If you are of my generation, it’d be a good bet that you know the names Sid and Marty Krofft. From The Banana Splits Adventure Hour, and their infectious theme that probably influenced my songwriting more than Bruce Springsteen or Pete Townshend ever could, to H.R. Pufnstuf (which the Beatles liked so much they requested tapes of the show be sent to the UK) and Sigmund and the Sea Monsters, to name but a few shows, puppeteer Sid, who died this week at the ripe old age of 96, and his younger brother Marty (who died three years ago) enlivened Saturday morning kid’s programming in a unprecedented way.

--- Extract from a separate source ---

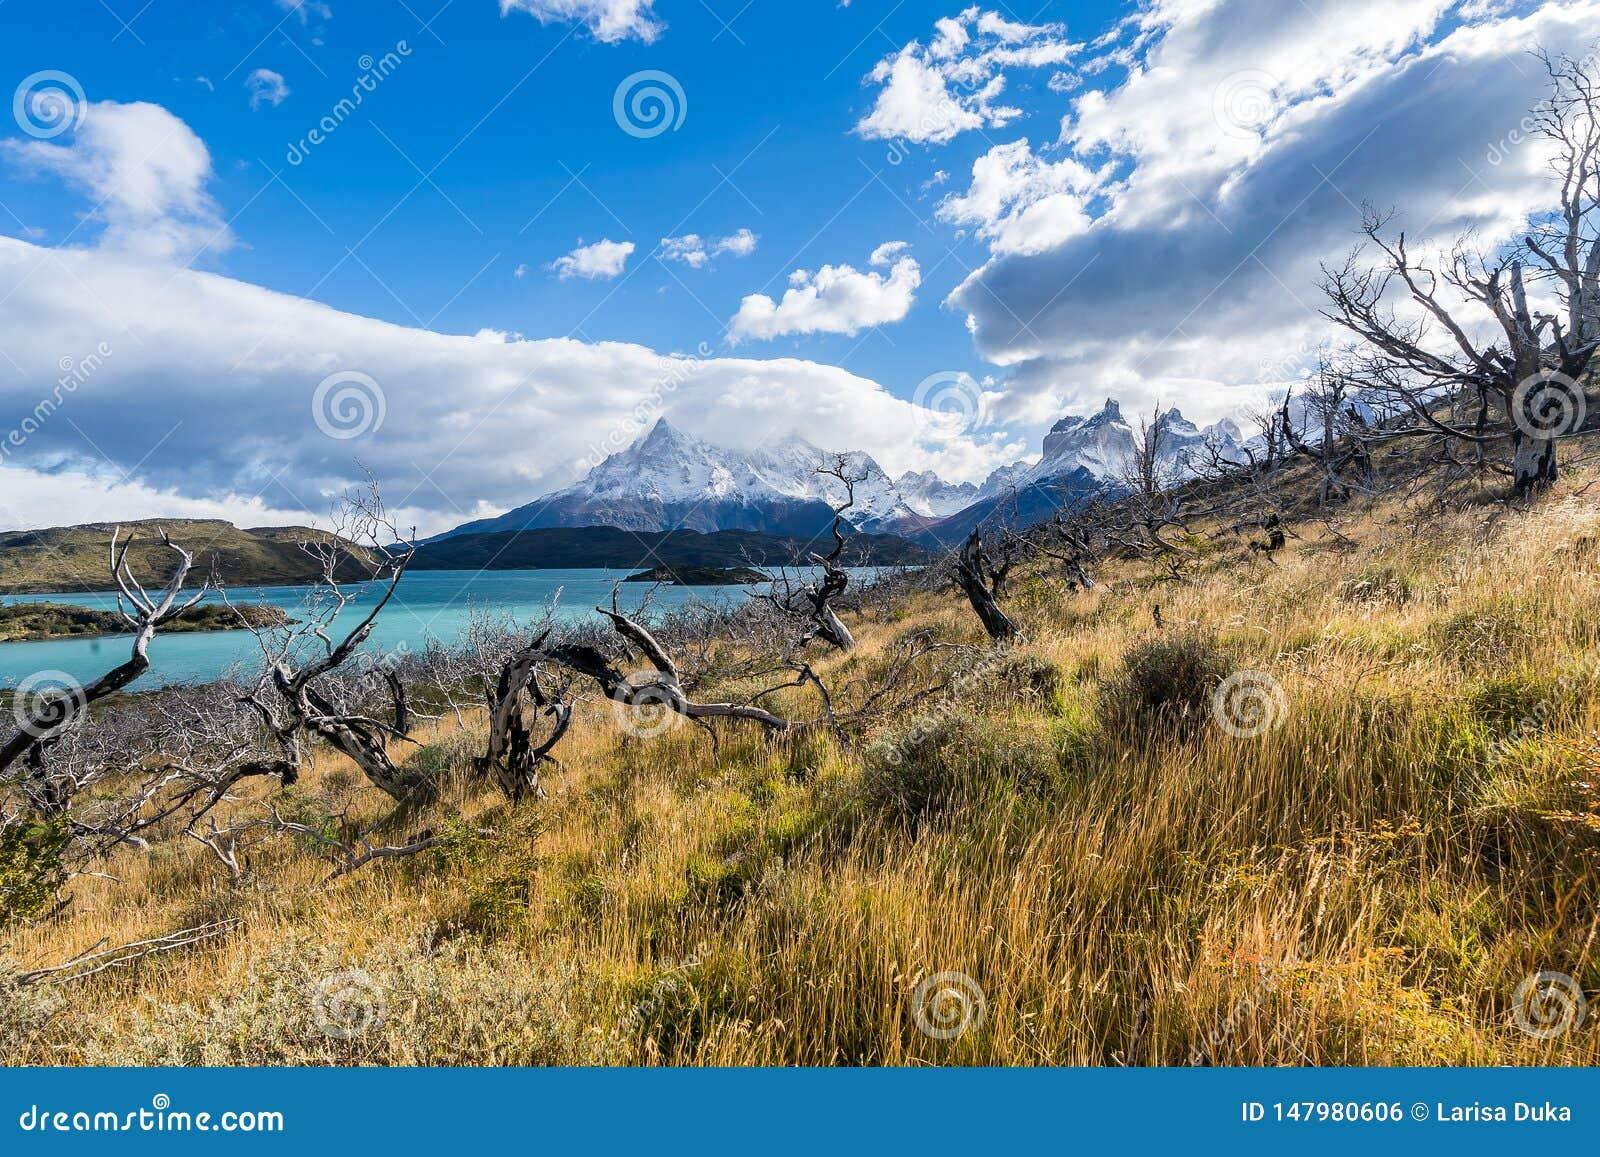 In het Torres del Paine nationale park, Patagoni?, Chili, Lago del Pehoe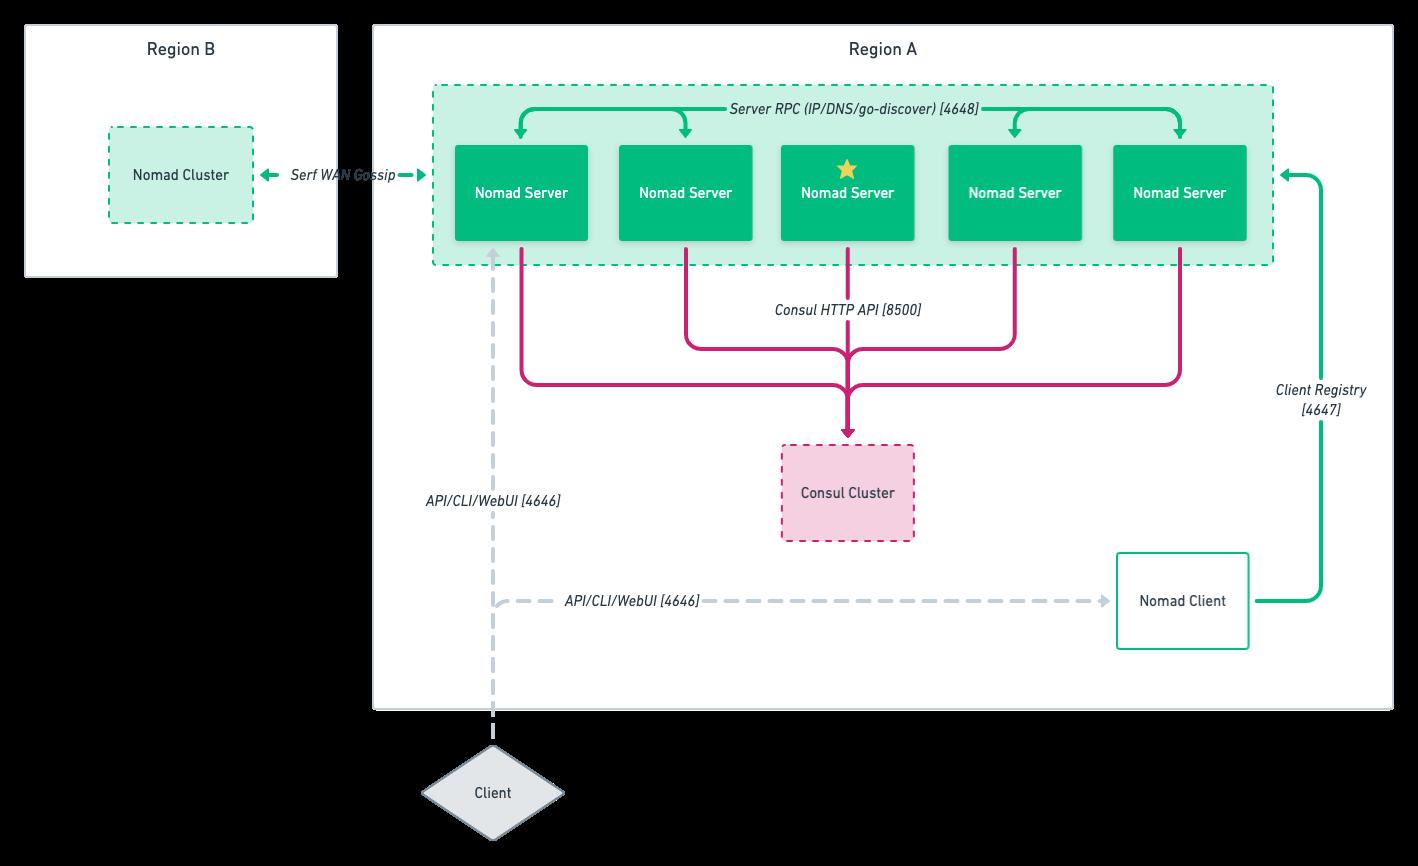 Nomad network diagram

Surely their shows’ psychedelic sets and their wild character’s costumes (not to mention a too-phallic-for-its-own-good talking flute) led to rumors of their being a decidedly more ‘trippy’ intent or creation behind-the-scenes. But the brothers denied any drug-taking connected with their prodigious output, an output that also included, The Bugaloos, Lidsville, and Land of the Lost, (yes, the abysmal 2009 Will Ferrell movie was based on this wonderful show).
The duo also produced various live-action variety shows, which I had no idea they had a hand in: The Brady Bunch Hour, The Donny & Marie Show, The Bay City Rollers Show and Barbara Mandrell and the Mandrell Sisters. And they even produced a show hosted by Richard Pryor. Their pair’s puppets even toured with such icons as Judy Garland, Liberace and Frank Sinatra.
Wacky minds like Sid and Marty’s don’t come along that often. I am thrilled to recall the daze of sitting watching Fleegle, Bingo, Drooper and Snorky, being gob smacked over how just all-out-goofy H.R. Pufnstuf was and thrilled to see Charles Nelson Reilly (who I loved so much in the Ghost & Mrs. Muir TV show and would come to adore across his many appearances on Johnny Carson’s Tonight Show) on The Bugaloos, playing “Benita Bizarre.”
Man, it’s good to remember. And it was good to have Sid and Marty with us when we did.